Hauptnavigation

 

Zum ersten Todestag von Jörg Beier

Zum ersten Todestag von Jörg Beier

Der Schwarzenberger Holzbildhauer und Kunstkneiper Jörg Beier war 2021 in der Nacht zum 15. Mai verstorben, nach schwerer Krankheit, friedlich zu Hause. Der Verlust trifft nicht nur seine Familie und Freunde, sondern die künstlerische und politische Szene der Erzgebirgsstadt, in der er bis zu seinem Tod als Stadtrat wirkte.
Abb.: Einer von Jörg Beiers Holzengeln im Linolschnitt von Thomas Beier

Beiers Kunst war - fernab jeder Heimattümelei - dem Erzgebirge verbunden. Überhaupt war ihm Heimat wichtig und kein Begriff, der beliebig politisch zu missbrauchen war. So gehörte zu seinen Ideen "HEYMat", ein Wort in Anlehnung an Stefan Heym, dessen Roman "Schwarzenberg" und Heyms Flucht aus Nazideutschland und Rückkehr als amerikanischer Soldat. HEYMat ist jedoch mehr und nimmt in generellen Bezug auf Verfolgung, Flucht und Ankommen in neuer Heimat, aufbereitet zur Verwendung in Schulen. Nicht zuletzt stammt auch die Idee für die Webseite www.haltepunkt-erzgebirge.de von Jörg Beier.

In vielen, was er tat, kam sein tiefsitzender Schalk zum Ausdruck, so auch bei seinem wohl größten Kunstprojekt, der Freien Republik Schwarzenberg, angesiedelt zwischen Tatsachen und Legenden und doch gegen jene gerichtet, die sich Tatsachen zurechtbiegen und neue Legenden erfinden.

Wichtig war ihm die "Jüdische Spurensuche", wie er eine auch in der Synagoge zu Görlitz gezeigte Ausstellung nannte.

Geprägt von der unmittelbaren Nachkriegszeit, vielfältigen künstlerischen Einflüssen und den Hafterfahrungen als politischer Gefangener waren ihm Freiheit und eine lebendige, im Volk verwurzelte Demokratie wichtig, in der die Mächtigen möglichst frei von Arroganz sein sollten.

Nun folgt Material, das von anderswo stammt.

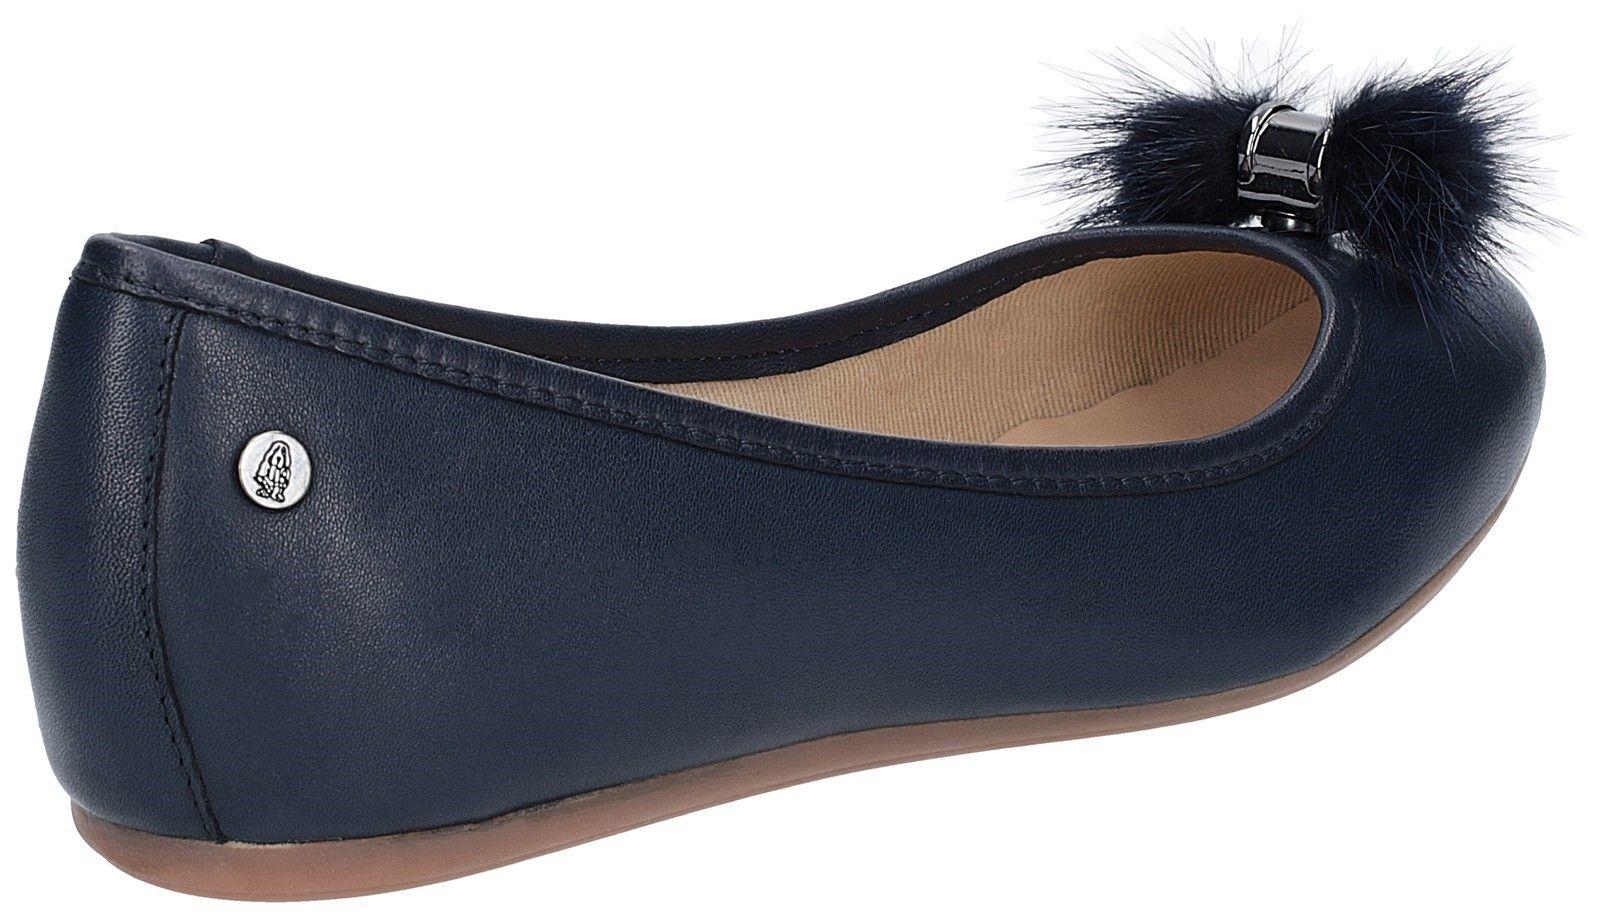 Heather Puff Ballet Shoe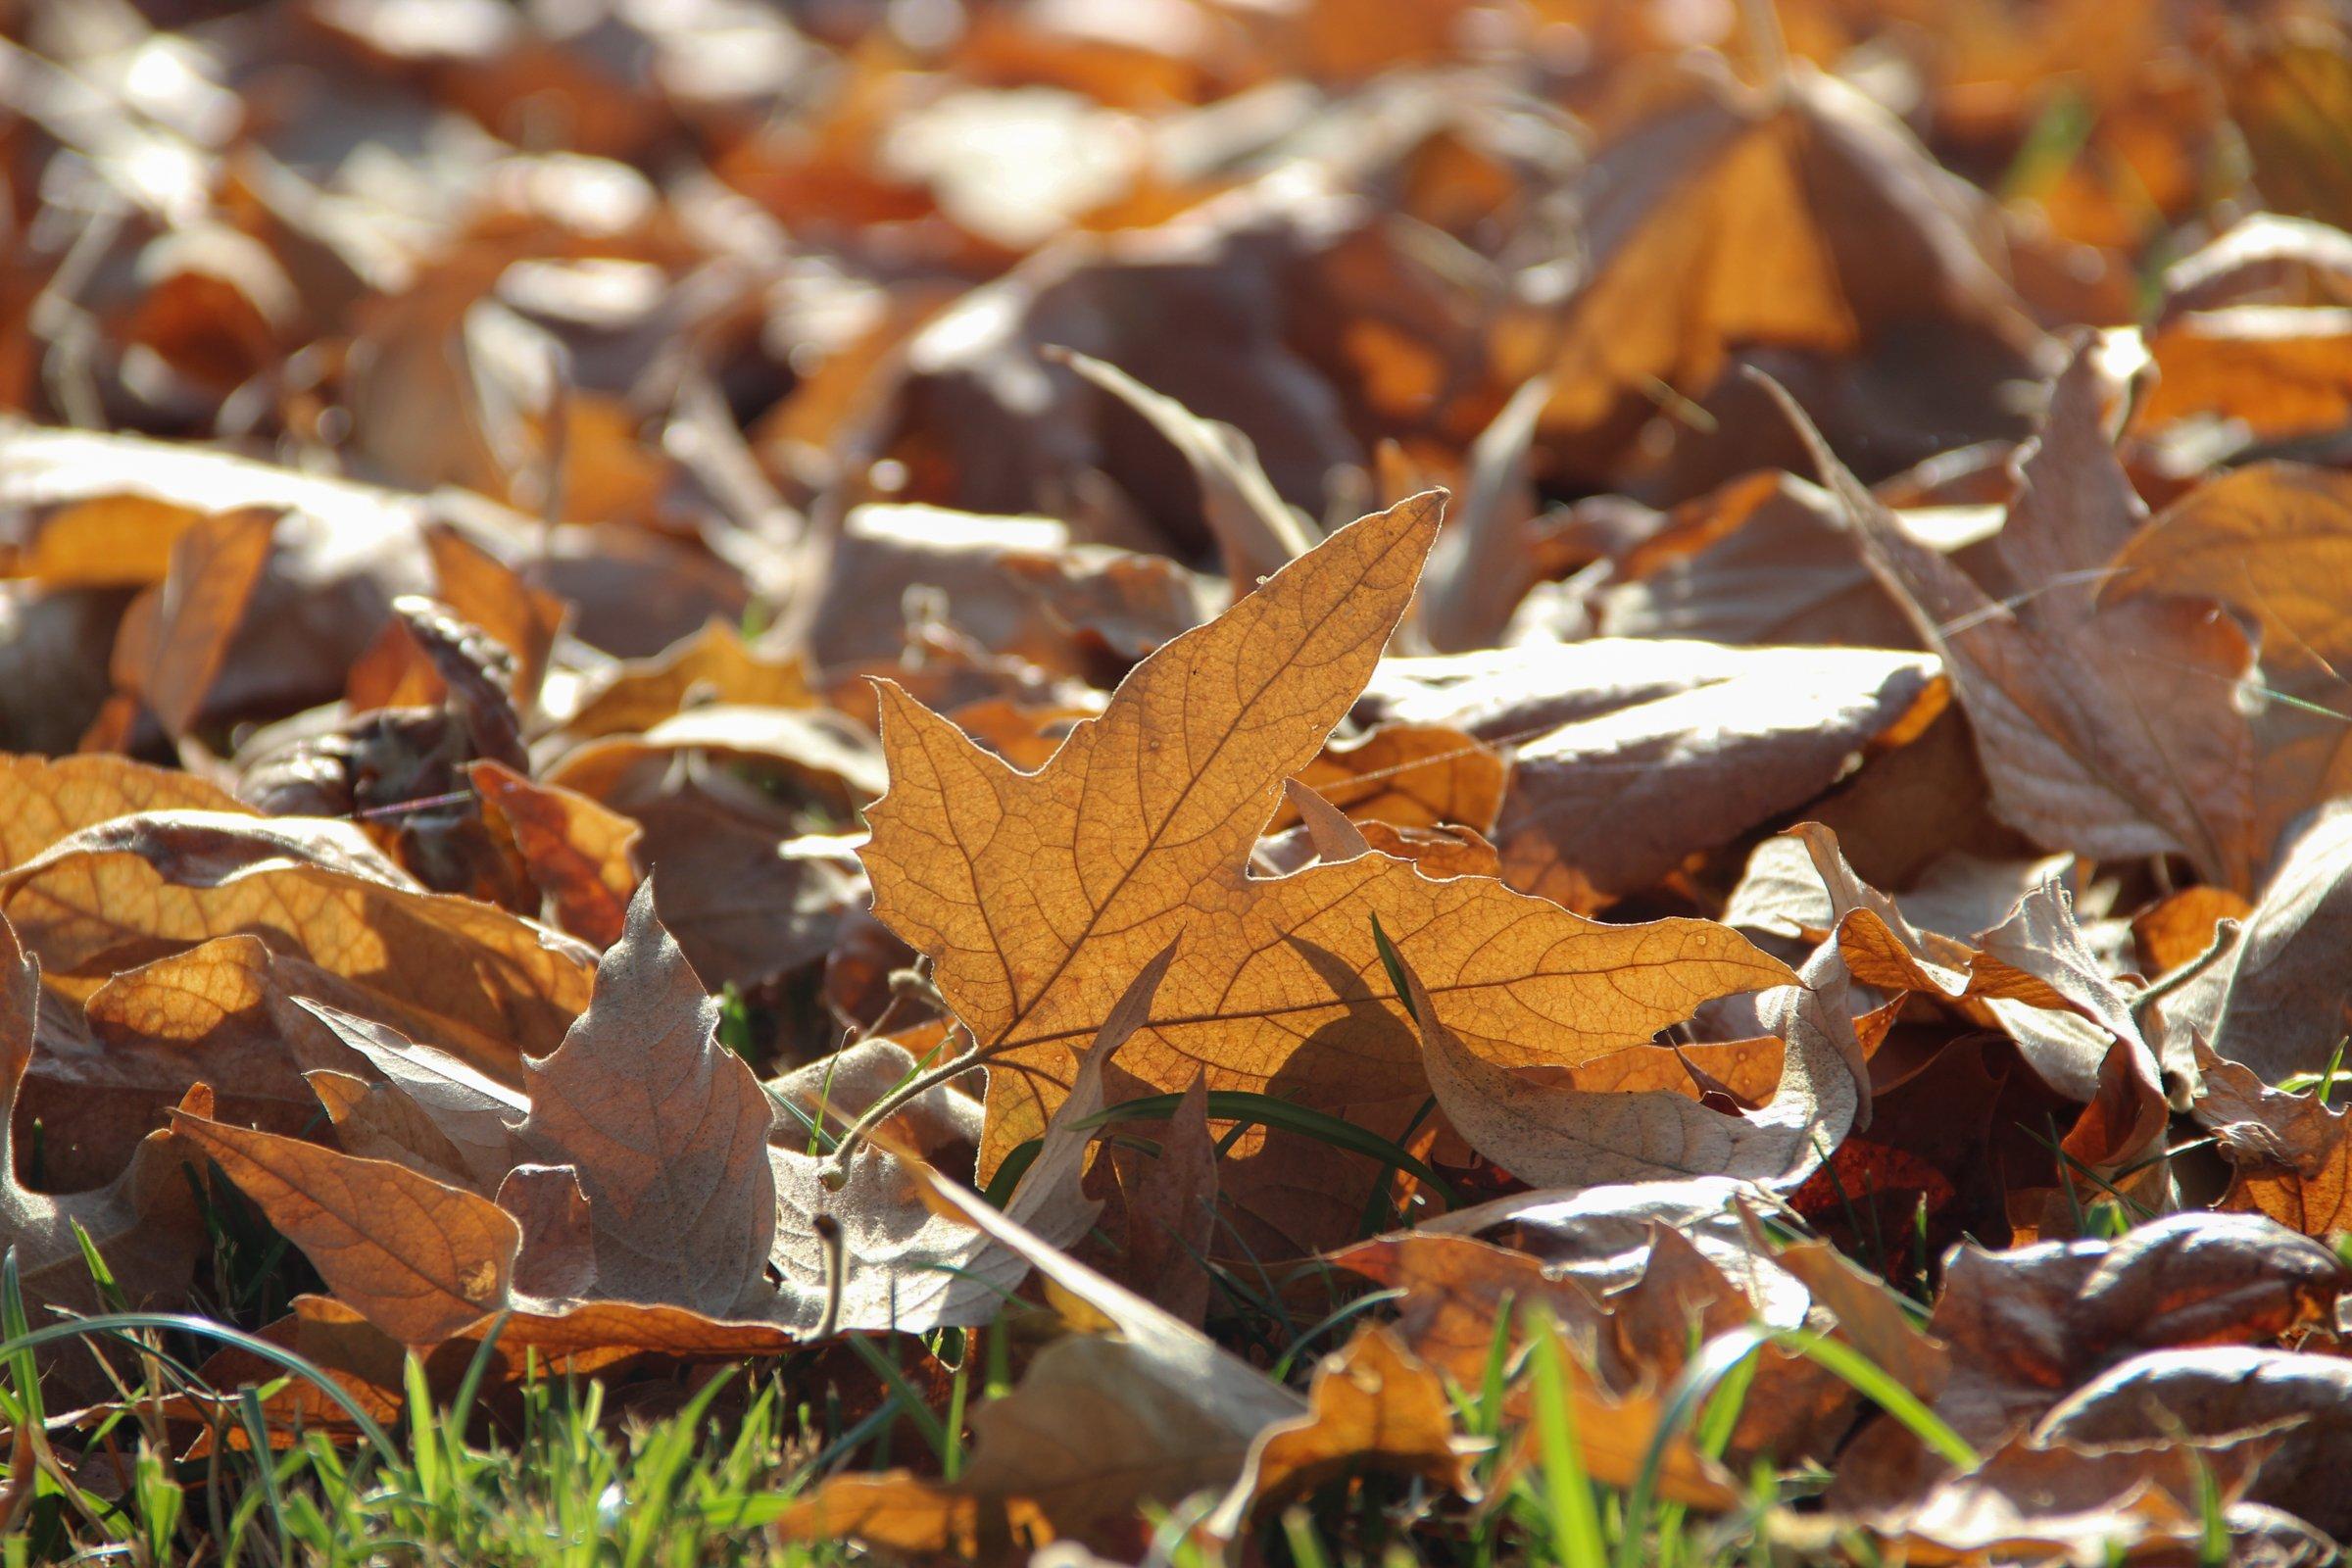 Dead Autumn Leaves On Grass

Bedeutsam war für ihn seine Ausstellungsbeiträge zur Verleihung des Brandenburger Freiheitspreises 2016 an das Menschenrechtszentrum Cottbus, das seinen Sitz im früheren Zuchthaus hat, in dem auch Jörg Beier einsaß. Politische Häftlinge hatten 2011 über ihren Verein das Zuchthaus gekauft, in dem sie gefangen waren, und haben seitdem daraus das Menschenrechtszentrum mit Dauerausstellung, Sonderausstellungen und Veranstaltungen entwickelt.

Sein Bruder Thomas Beier, der auf der Beerdingung für die Familie sprach, beendete seine Rede mit diesen Worten:

So hat ganz sicher jeder unter uns hier seine ganz besondere Beziehung zum Beier, Jörg, wie man im Erzgebirge sagt. Möge uns diese Beziehung in unseren Gedanken erhalten bleiben.

Noch vor seiner Erkrankung sprachen wir über unser Leben und wir waren beide eins: Nie hätten wir in der Jugend geglaubt, je so alt zu werden, wie wir heute sind. Und später sagte der Jörg: "Ich habe mein Leben gelebt!" Ich glaube, er ging "mit Frieden in der Seel", wie Klaus Hoffmann sang, dessen Lieder uns begleitet haben wie besonders den Jörg zeitlebens Bob Dylan.

Jörg war Bruder, Freund und ein Künstler, wie ein Künstler sein soll: Nicht anpassungsfähig an die Verhältnisse, sich ausdrückend nicht über große Worte, sondern seine Kunst.

Ich habe meinen Bruder Jörg sehr geliebt, aber damit bin ich ganz sicher nicht allein.